Удивительно, но никто из фракции левых эсеров знать ничего не знал ни о каком мятеже. Если их партия и планировала какие-то действия, то «ни в коем случае не против большевиков». Главные их намерения сводились лишь к одному — положить конец Брестскому миру. Никогда еще, по их мнению, Россия не терпела таких унижений. Хуже всего было положение на Украине, которая вся оказалась под немцем, но Ленин всеми силами держался за сохранение «похабного» мира. Чтобы не раздражать Германию, он даже вызвал в Москву большевиков, которые из подполья сражались с оккупантами…

Спокойно смотреть на все это эсеры не могли. Еще в марте они вышли из Совнаркома, а к лету их терпение и вовсе иссякло. На заседании 24 июня ЦК партии левых эсеров (ПЛСР) посчитал «целесообразным организовать ряд террористических актов в отношении представителей германского империализма». Одновременно с этим было намечено «приложить все меры к тому, чтобы трудовое крестьянство и рабочий класс (Украины) примкнули к восстанию (против немцев!)». Нельзя было обойти эсерам и вопрос о возможном столкновении с большевиками. В случае их агрессивных действий решили прибегнуть «к вооруженной обороне».

Так что никаких свидетельств о подготовке против них мятежа у большевиков 6-го числа не было. Что же было? Убитый немецкий посол и раздражающее поведение эсеров на V съезде Советов. Озлобленные предательством, они требовали начать против немцев освободительную войну.

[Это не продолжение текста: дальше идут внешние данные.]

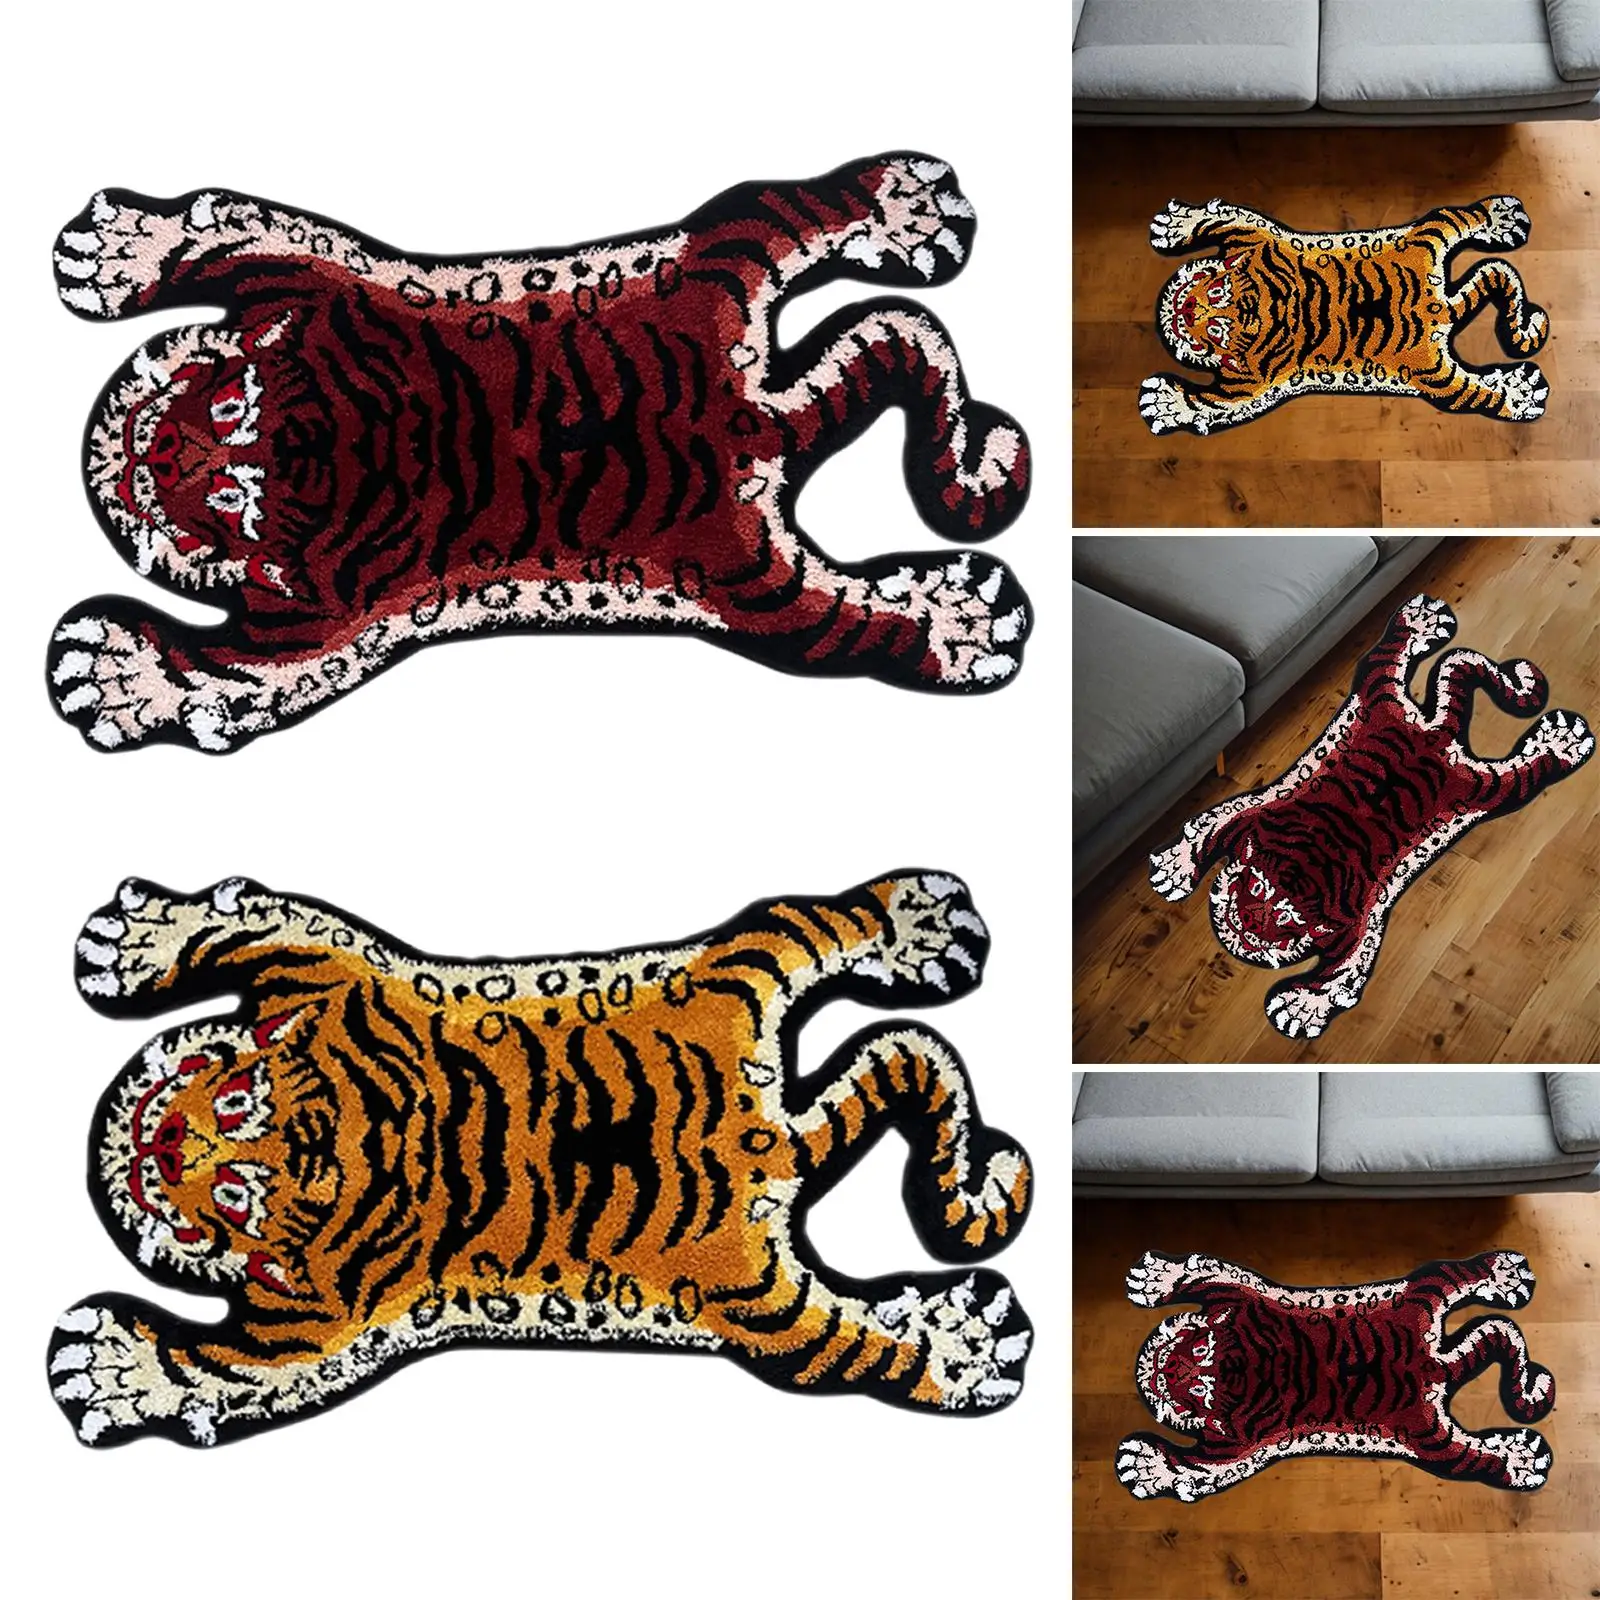 Tiger Carpet Absorbent Non-Slip Animal Shape Carpet for Kids Room
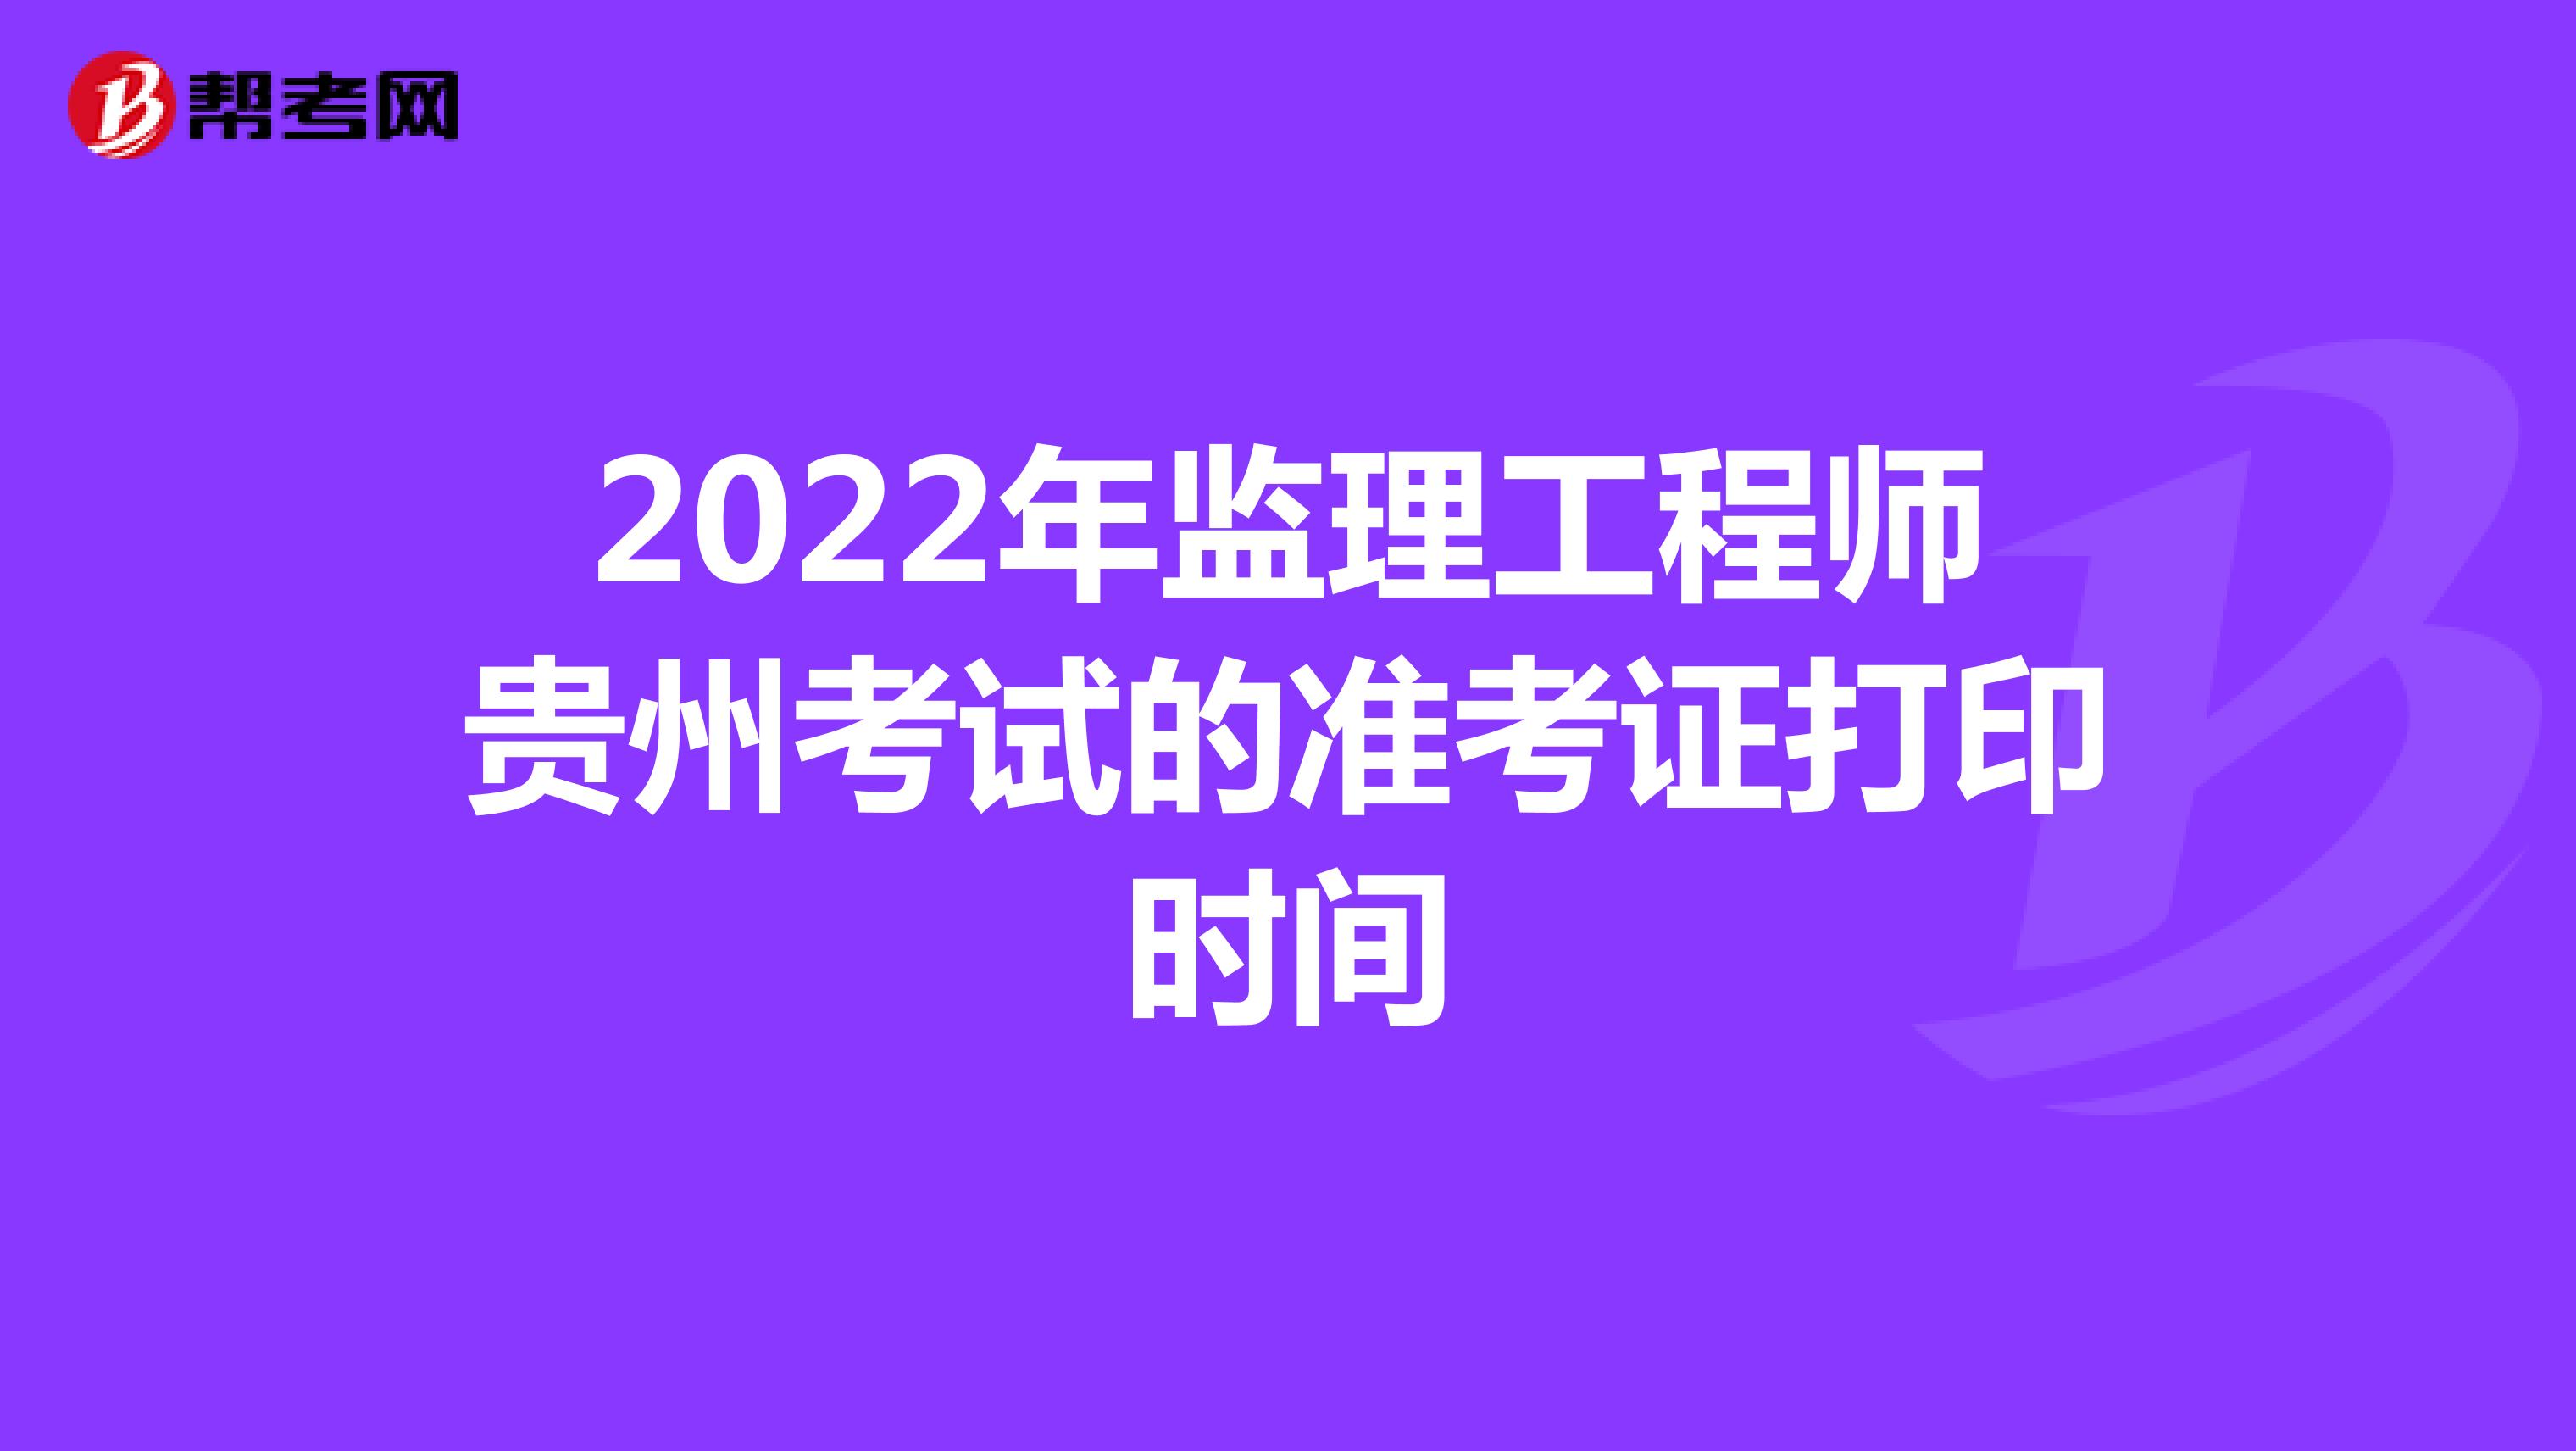 2022年监理工程师贵州考试的准考证打印时间

Их лидер, Камков, не постеснялся подойти к ложе Мирбаха, чтобы выразить германскому империализму в его лице глубочайшее презрение.

Взывали о помощи и украинские делегаты, но большевики были неумолимы. Более того, Троцкий (провокационно?) предложил съезду санкционировать изданный им приказ о расстреле на месте «агентов иностранного империализма», призывающих к наступлению против Германии. «Керенский!» — обозвал его тут Камков. «Керенский, — подхватил Троцкий, — оберегал волю буржуазии, я же здесь отвечаю перед вами — представителями русских рабочих и крестьян…»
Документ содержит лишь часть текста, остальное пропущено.